A Unique California Historical Site To Visit

 

Eugene O’Neill National Historic Site Visitors: No Reservations Needed!


Eugene ONeill 
and Wife Carlotta
Eugene O'Neill and Wife Carlotta
Starting June 6 through August 29, 2009, the Eugene O’Neill National Historic Site will be offering NO RESERVATION SATURDAYS to the site.
A park van will be waiting at the Museum of the San Ramon Valley (205 Railroad Ave., Danville, CA) at 10 a.m., 11 a.m., 1 p.m. and 2 p.m. to bring visitors up and down from the O’Neill home. No reservations are needed on these Saturdays this summer. However, If you are planning to bring a large group, please contact the park at (925) 838-0249.
A Bit About this National Historic Site:
O’Neill in California: America’s only Nobel Prize winning playwright, Eugene O’Neill, chose to live in the Tri-Valley, specifically in Danville, CA at the climax of his writing career. Isolated from the world and within the walls of his home, O’Neill wrote his final and most memorable plays; The Iceman Cometh, Long Day’s Journey Into Night, and A Moon for the Misbegotten.
Visitors arrive by park shuttle from the Town of Danville, receive a guided tour through O’Neill’s Tao House, and have time to explore the grounds before returning to Danville on the shuttle. Plays are presented in the old barn twice a year by The Eugene O’Neill Foundation in the spring and fall.
About Eugene O’Neill’s time in Danville:
In 1937 the playwright Eugene O’Neill and his wife Carlotta discovered 158 acres in the Las Trampas Hills above Danville, California and decided to build there.

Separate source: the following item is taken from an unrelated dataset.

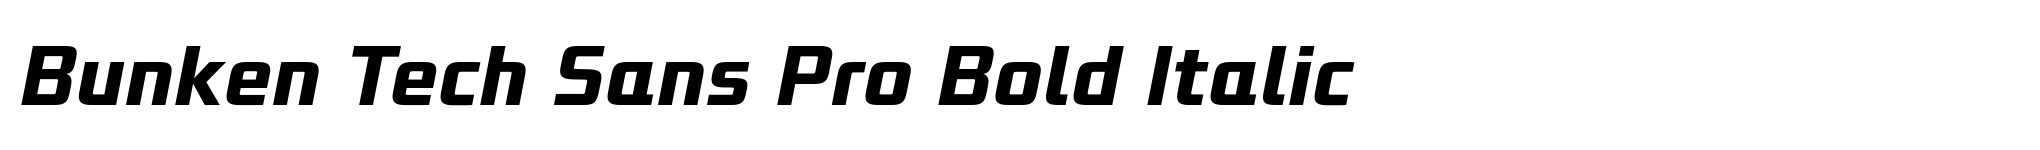 Bunken Tech Sans Pro Bold Italic image

They loved the site not only because of the beauty of the countryside Eugene described as “corduroy hills,” but also because of its isolation. For the O’Neills it was an advantage to be away from the world, escaping from the publicity and notoriety the successful playwright had attracted after receiving the Nobel Prize for literature in the previous year. They lived in the home they named Tao House (from the Taoist philosophy meaning “the right way of life”) from 1937 to 1944. The house Eugene called his “final harbor” was at once a home, a working place and a fortress, built high on the hill, where few visitors were welcomed. Carlotta protected Eugene from the outside world, and he was able to write his most famous plays isolated behind three doors that closed off his study from the rest of the house.